Writer-director Shane Carruth has made only one film, but it was Primer, the twisty, low-budget time-travel film that won the U.S. Dramatic Competition in 2004. Nine years later, he's back in the Dramatic Competition with Upstream Color. Here's the plot line: "A man and woman are drawn together, entangled in the life cycle of an ageless organism. Identity becomes an illusion as they struggle to assemble the loose fragments of wrecked lives." Yes, that doesn't make a lot of sense, but if Primer was any indication, Carruth enjoys confounding the audience with his coldly elegant riddles. (Years later, people are still trying to unlock all of Primer's mysteries.) His fans have long waited for this follow-up film. In less than a week, we'll know if he delivered.
Which Way Is the Front Line From Here?

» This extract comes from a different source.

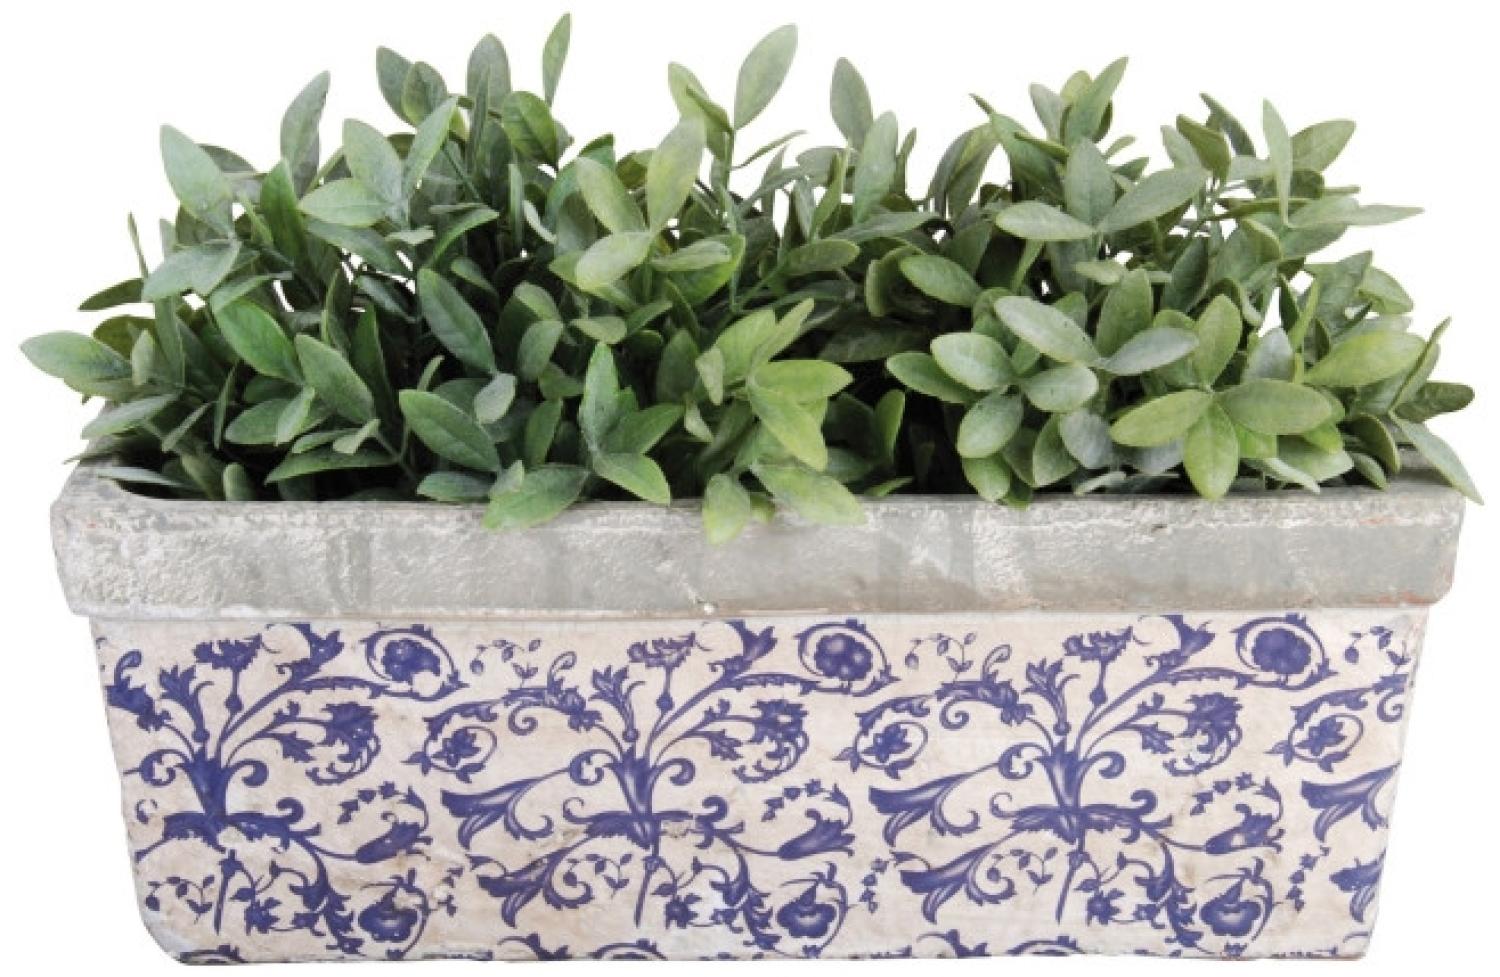 5 Stück Esschert Design Balkonkasten, Blumenkasten aus Keramik in blau-weiß, ca. 40 cm x 16 cm x 15 cm Bild 1

The Life and Time of Tim Hetherington
Journalist Sebastian Junger (right) collaborated with combat photographer Tim Hetherington on the superb 2010 documentary Restrepo, which chronicled the lives of U.S. soldiers stationed in the dangerous Korengal Valley in Afghanistan. Shortly after the film lost at the Academy Awards for Best Documentary, Hetherington was killed while covering the Libyan civil war. Which Way Is the Front Line from Here? is Junger's ode to his fallen friend, who made his name by putting himself into the most deadly places on Earth. Restrepo premiered at Sundance; it seems fitting that Which Way be unveiled in Park City as well.